顏墨梵聽的蒙了,完全沒懂盧太爺說的是什么:“盧太爺,到底發生什么事?”
“唉,不瞞鳳后,真不是什么大事,前段日子,顏正夫捎了些血燕進京,給鳳后您補身子,也特地送了點給臣夫……”
“此事父親在信中提過。”
“盧婷的正夫有了身孕,臣夫就拔了十兩血燕給他,他便向臣夫回了聲,說想拿五兩回母家送他祖父。當初盧婷她母親去世時,王太爺對盧家,那是真沒得說,王璉提出送五兩血燕,臣夫高興還來不及,哪有不答應的理,找個錦盒裝了,讓他帶了去。”盧太爺搖頭嘆氣道:“不想,就這盒子血燕,怎么七彎八繞的,王家上下竟傳起盧婷占著內務府總管這職,貪起宮中的好處來了。唉!”
這與博婉玳跟他說得,完全是兩碼事,顏墨梵不解:“盧大人就因這點小事,心情不佳,而獨自一人深入虎穴?”顏墨梵心想,盧婷此人是有些呆,不至于呆到這份上吧。
“怎么不是,王正夫還送信給王平,讓王平好好勸勸盧婷,免得今后被陛下查著。他們不就是怕受連累嗎?王璉嫁了盧婷一年多,盧婷什么人,他們王家也是看在眼里的,要不是因她耿直,陛下會把內務府總管的職給了她嗎?這孩子也是心直,我先前明明已經修書,告訴了她顏正夫送血燕的事,她竟還因王平幾句話,一直放心上。”盧太爺為女兒報不平。
博婉玳蹙眉,雖她知道盧婷不可能因這點事,就獨自一人跑去找死。但她現在對盧婷與當年彈琴之人的事,不感興趣了,現在她只想知道,顏墨梵還有多少事,是她所不知道的?顏家與盧家,又是什么交情?或者說,顏墨梵與盧婷,有沒有什么關情?想到這,博婉玳心底沉了又沉。
顏墨梵疑惑:“盧大人會因這點小事,連命都不要?如此說來,倒是本宮要代父親向盧太爺賠罪了,若不因那點血燕,也不會引起這么大的事來。”并向盧太爺輕點了點頭,以示賠罪。

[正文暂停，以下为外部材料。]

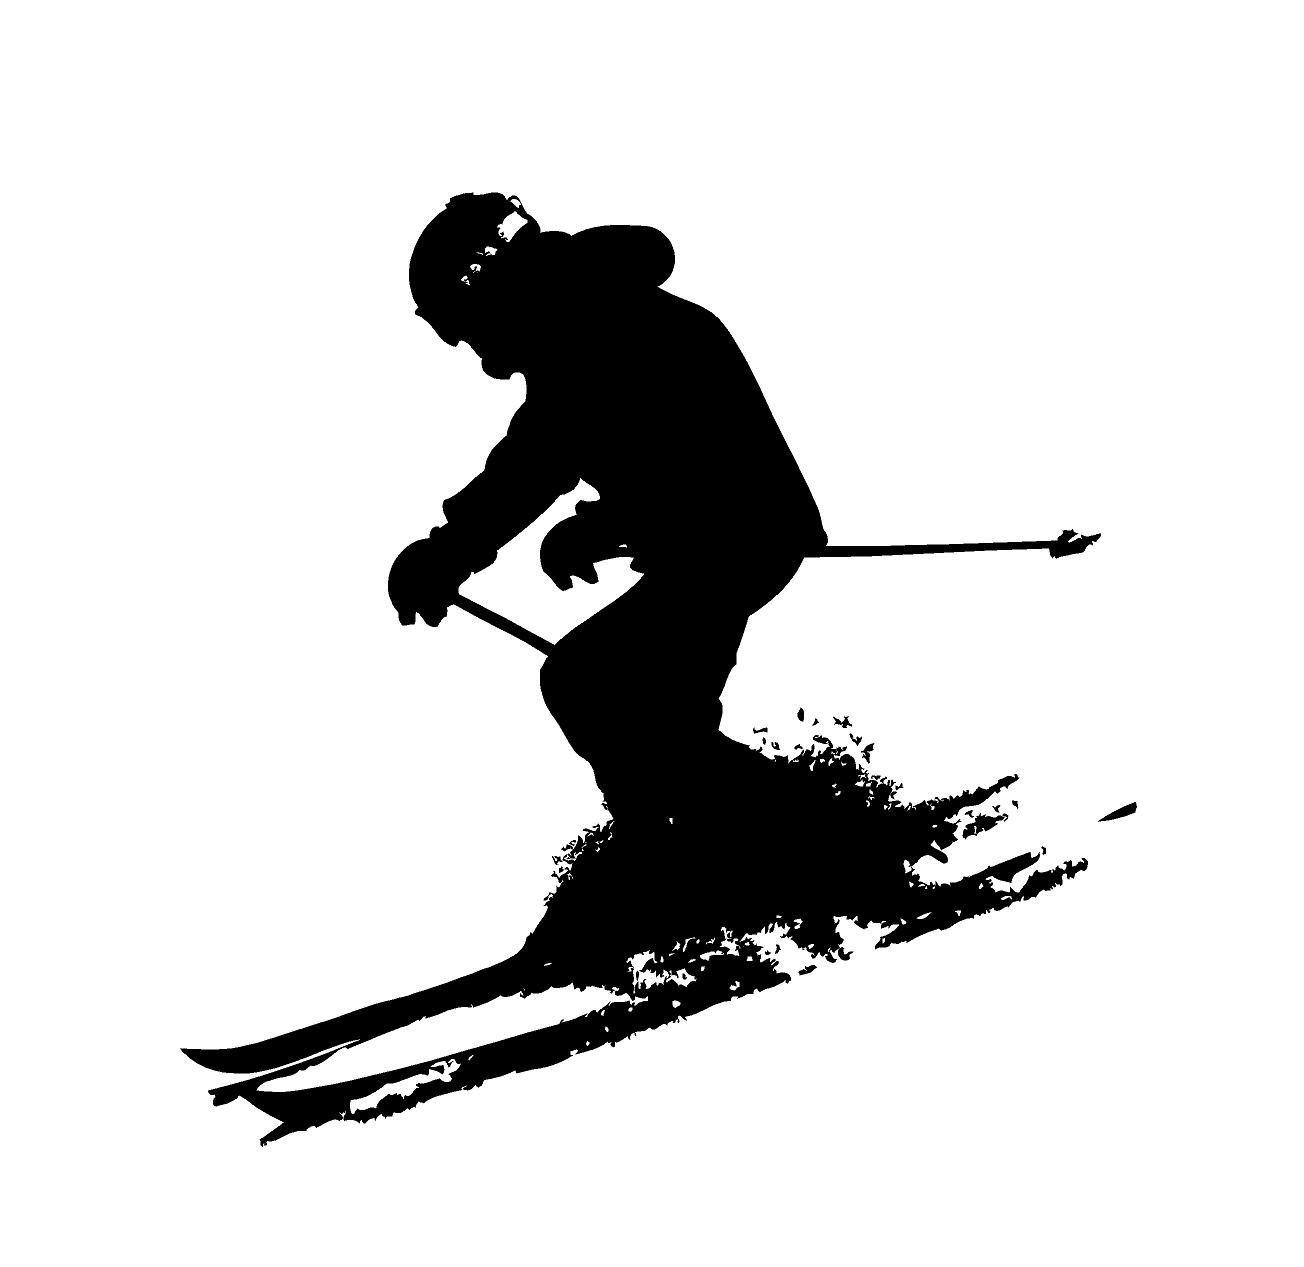 Snow Skier Decal Snow Skiing Decal Snow Ski Decal Snow Skier Car Decals Snow Skier Car Decal Down Hill Skier Snow Sk Custom Vinyl Decal Custom Vinyl Usmc Decal [ 1267 x 1304 Pixel ]

盧太爺連忙拱手道:“鳳后您折殺臣夫了,顏正夫身在大老遠得,還記得臣夫,這已是臣夫的福氣,這事要怪就怪王家那些個吃飽沒事做,成日疑神疑鬼的小輩們,難不成我家盧婷當了這內務府總管,就要家徒四壁才算忠心,家里有點好東西,就必是貪了好處不成?”
顏墨梵倪爾一笑,盧太爺這性子,與父親還真是有五分相似,難怪兩人聊得來。
“好在盧婷無事,否則讓臣夫與王璉孤兒寡夫的,今后可怎么活呀。”盧太爺抹著淚道。
“事情都過去了,盧太爺也要放寬心,所謂大難不死必有后福,相信盧大人今后也是程途無量。”顏墨梵含笑勸道,隨后又試探得問他:“臣侍聽陛下所言,盧大人對一位精通音律的公子,很是上心,可有此事?”
“這……”盧太爺想了想,搖頭說:“沒聽盧婷提過,她喜歡哪家公子呀,若得知,當初早就幫她定了親,娶進門了。我盧家,可就這么一個女兒,能不遂她的愿嗎?”
顏墨梵點點頭,覺得盧太爺說得也有道理,應是盧婷沒將自己心事告訴家人,又或是陛下自己色蟲作怪,就當別人也思春,回來胡說八道。
兩人又客套了幾句,盧太爺便起身告辭,博婉玳進入寢殿,沉著臉坐在軟榻上,命人把顏墨梵叫進來,順便把盧太爺帶的貢品,都帶進來。
“都送了些什么過來?給朕瞧瞧。”顏墨梵剛入寢殿,博婉玳迫不及待的起身,一一翻看盧太爺的貢品,顏墨梵不以為意,只將手中的曲譜擱在書案的屜子里:“陛下什么時候,好奇起誥命的貢品來了,喜歡什么,只管挑了去便是。”
他沒看見,博婉玳的臉都黑了,她在一個小錦盒內,看見一條祖母綠玉珠鏈,珠鏈中間的那朵祖母綠玉梅花,與那半截玉籫上的梅花一模一樣,應是那半截玉籫修整而成,博婉玳手提著那條珠鏈,越看眉頭蹙得越緊:“鳳后以前與盧大人相識?”